One of the challenges in designing safe laser ablation systems is to determine the optimum-operating regimen for efficient hard tissue removal. This requires a balance of the rate of energy deposition primarily determined by the single laser pulse energy and the pulse repetition rate with the rate of water-cooling. However, the incident laser fluence, the depth of cut, crater morphology, geometry and the amount of water present on the sample surface or in the ablation crater can profoundly influence the ablation rate and efficiency and lead to stalling that in turn leads to increased heat accumulation and thermal damage. The influence of all these parameters is difficult to predict and NIR imaging provides a very rapid method for assessing the potential for thermal effects. For example, the use of 50-Hz with water-cooling produced clean ablation with little thermal damage. However, there was an obvious decrease in the ablation rate and efficiency with increasing depth due to the increasing aspect ratio of the ablation crater causing the incident laser fluence to decrease as the energy is spread over a greater area of the conical hole. At higher pulse repetition rates thermal changes can be seen spreading from the base of the crater indicating excessive heat buildup as ablation stalls and the heat accumulation accelerates. Thermocouple measurements in whole teeth carried out using pulse repetition rates from 50-300-Hz with the laser scanned along one axis confirm the observations in this study, namely that ablation stalls as the crater reaches a certain depth and aspect ratio and we found that the higher repetition rates with a similar length of cut the volume of tissue removed did not increase as anticipated, since stalling occurred and the additional laser pulses contributed to heat accumulation. These results indicate that the laser needs to be scanned in two dimensions if high repetition rates are used, not only to ensure efficient ablation but to also avoid excessive heat accumulation that may cause pulpal overheating and injury. Further work will elaborate on the rate of water delivery on the ablation process and peripheral thermal damage at high repetition rates.
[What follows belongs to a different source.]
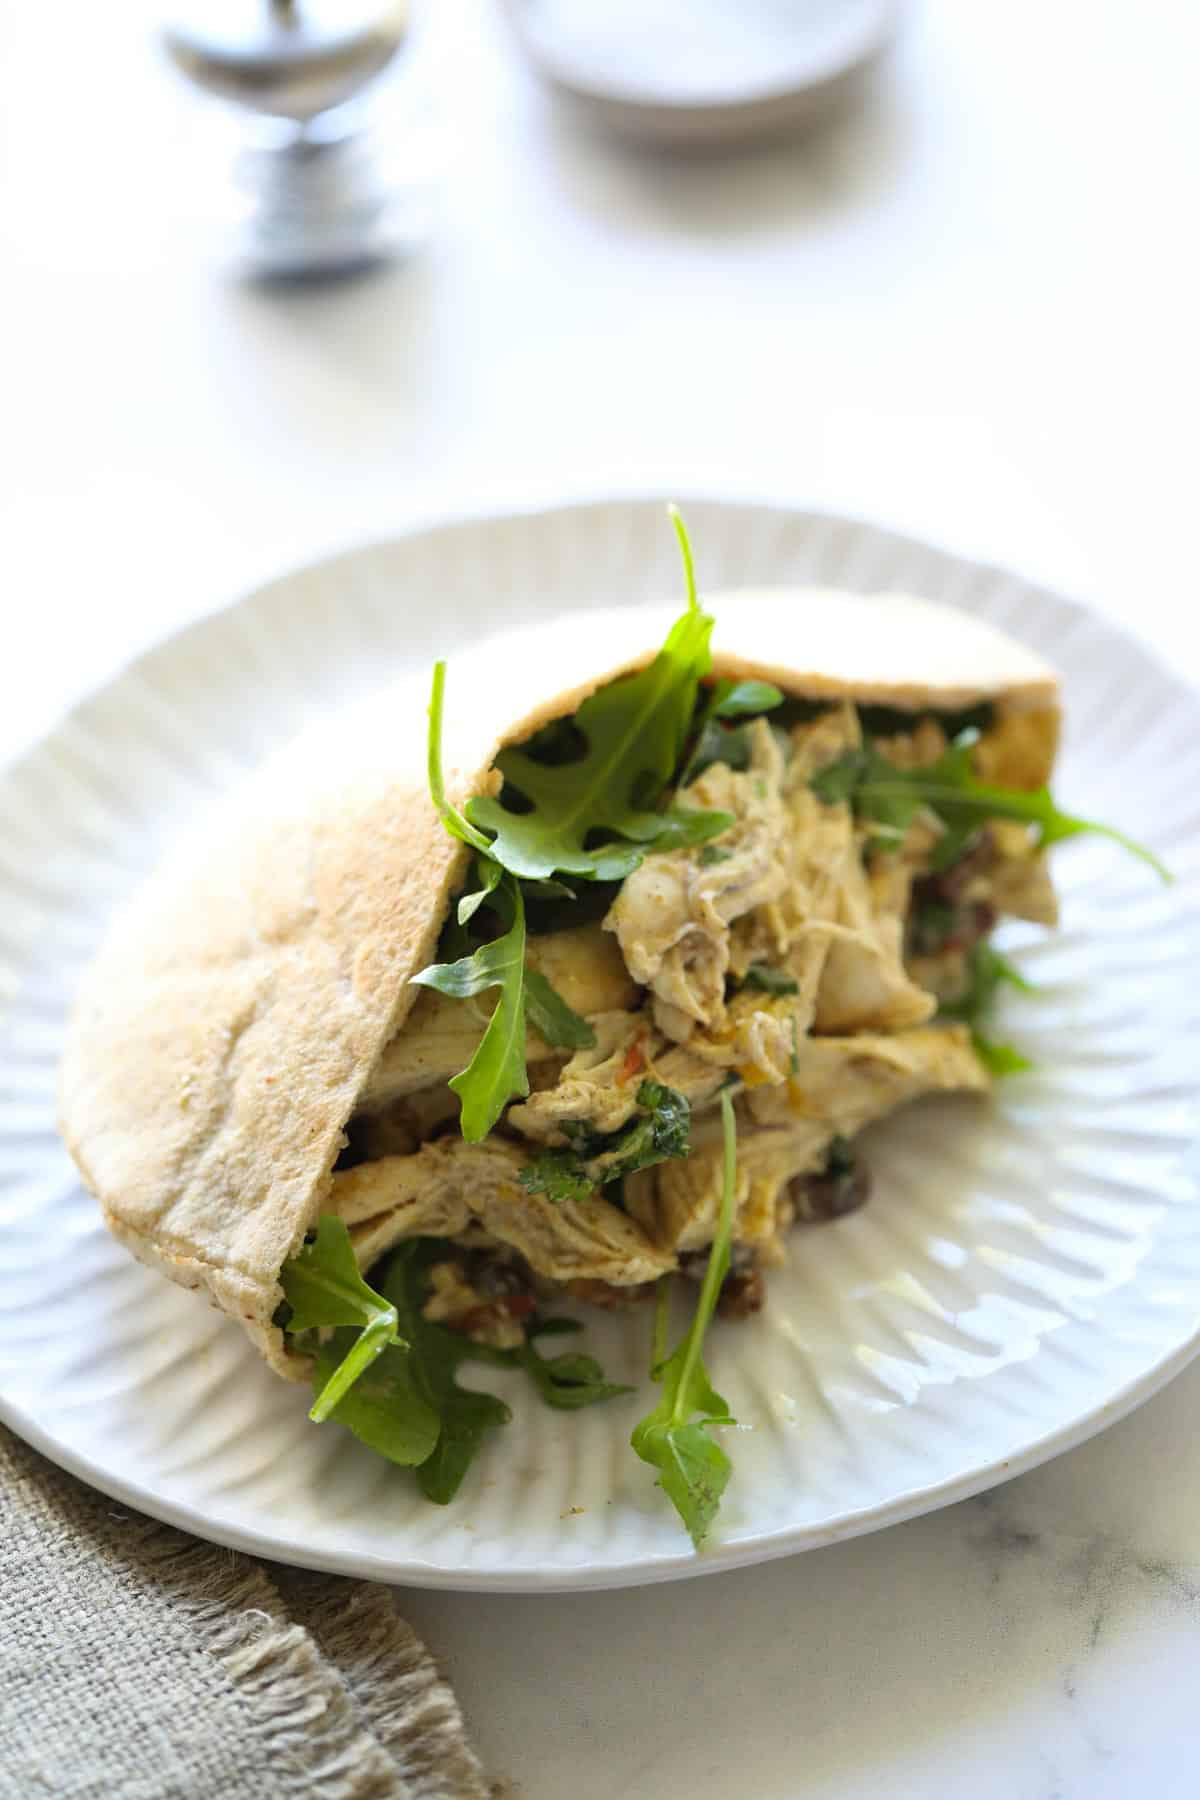 a pita sandwich filled with chicken salad and greens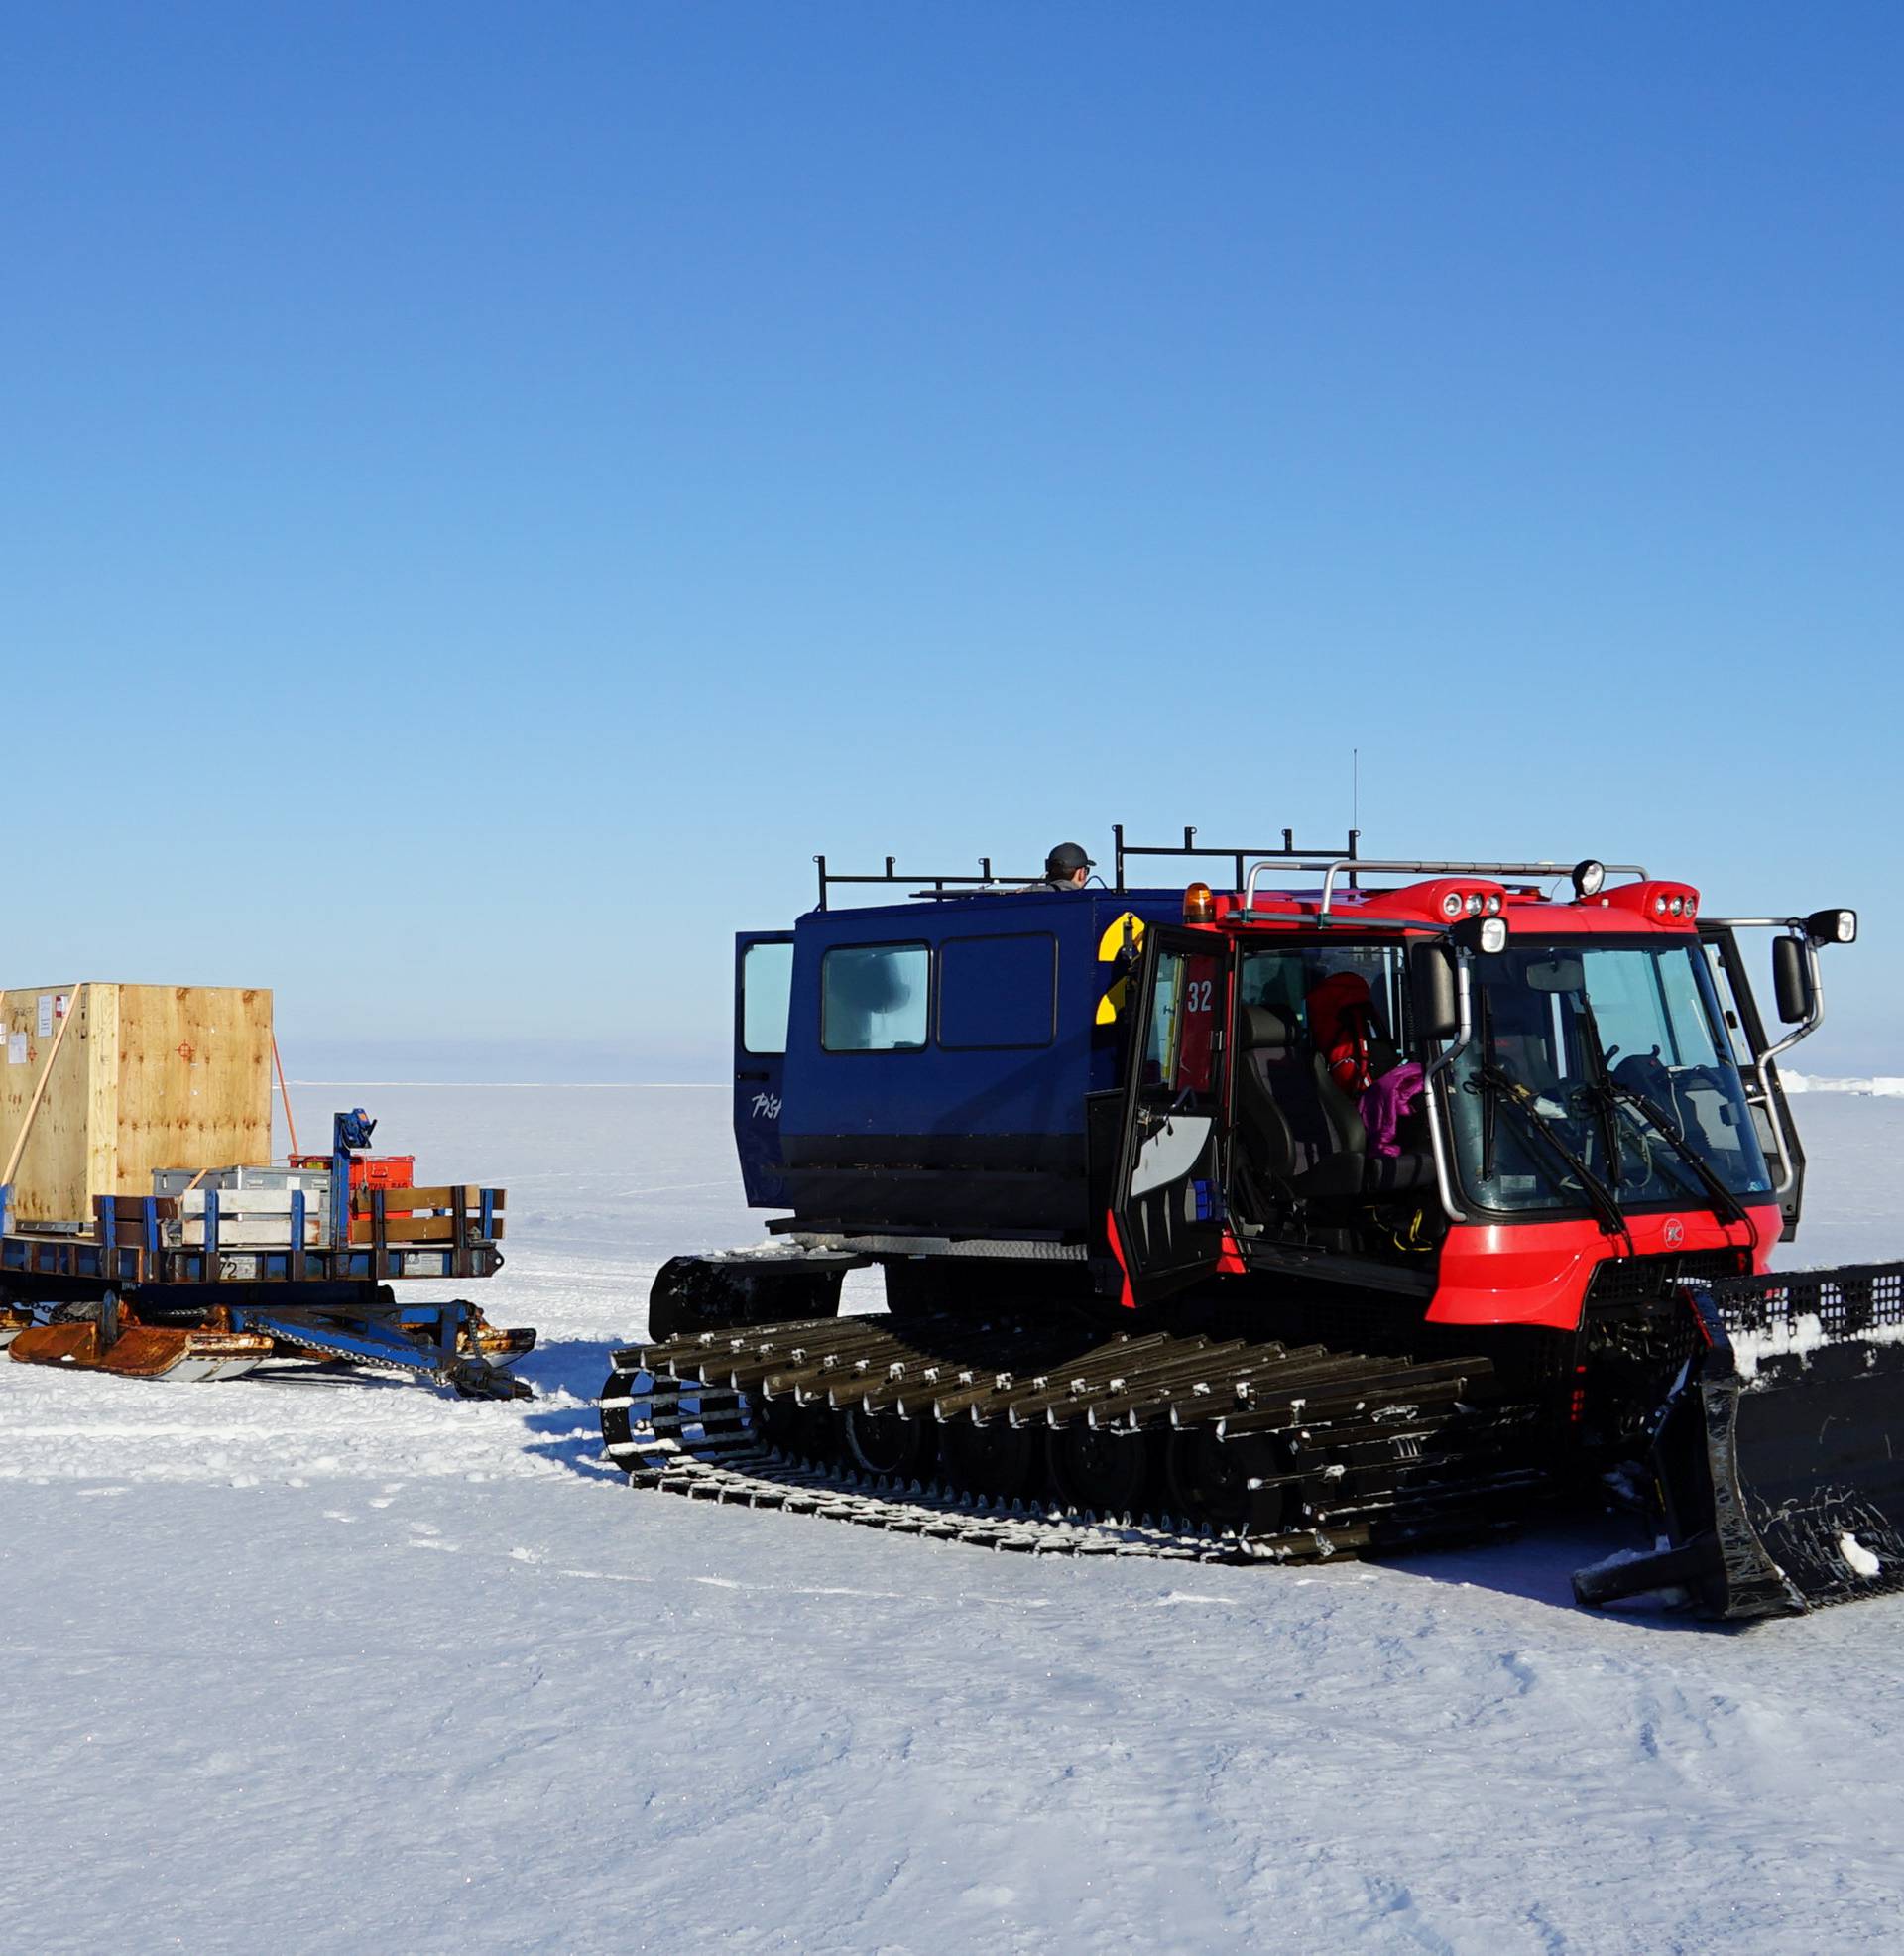 The EDEN ISS greenhouse is transported to its destination in the Antarctic

As new imaging modalities become available to the dental community such as fluorescence based methods, optical coherence tomography and the new NIR method presented here, there is increasing potential to integrate these methods with laser ablation systems for controlled and selective removal of dental caries (dental decay). The promising results of this study demonstrate the potential of NIR imaging for this task. Since the position of the laser beam and carious lesions are visible in the transparent enamel, it is likely that NIR imaging can be used to monitor caries removal with the laser, and future studies will be carried out to investigate this approach to monitor the removal of demineralized enamel. One can envision that a NIR assisted vision system analogous to image-intensified viewing systems could be developed to aid the clinician in selective removal.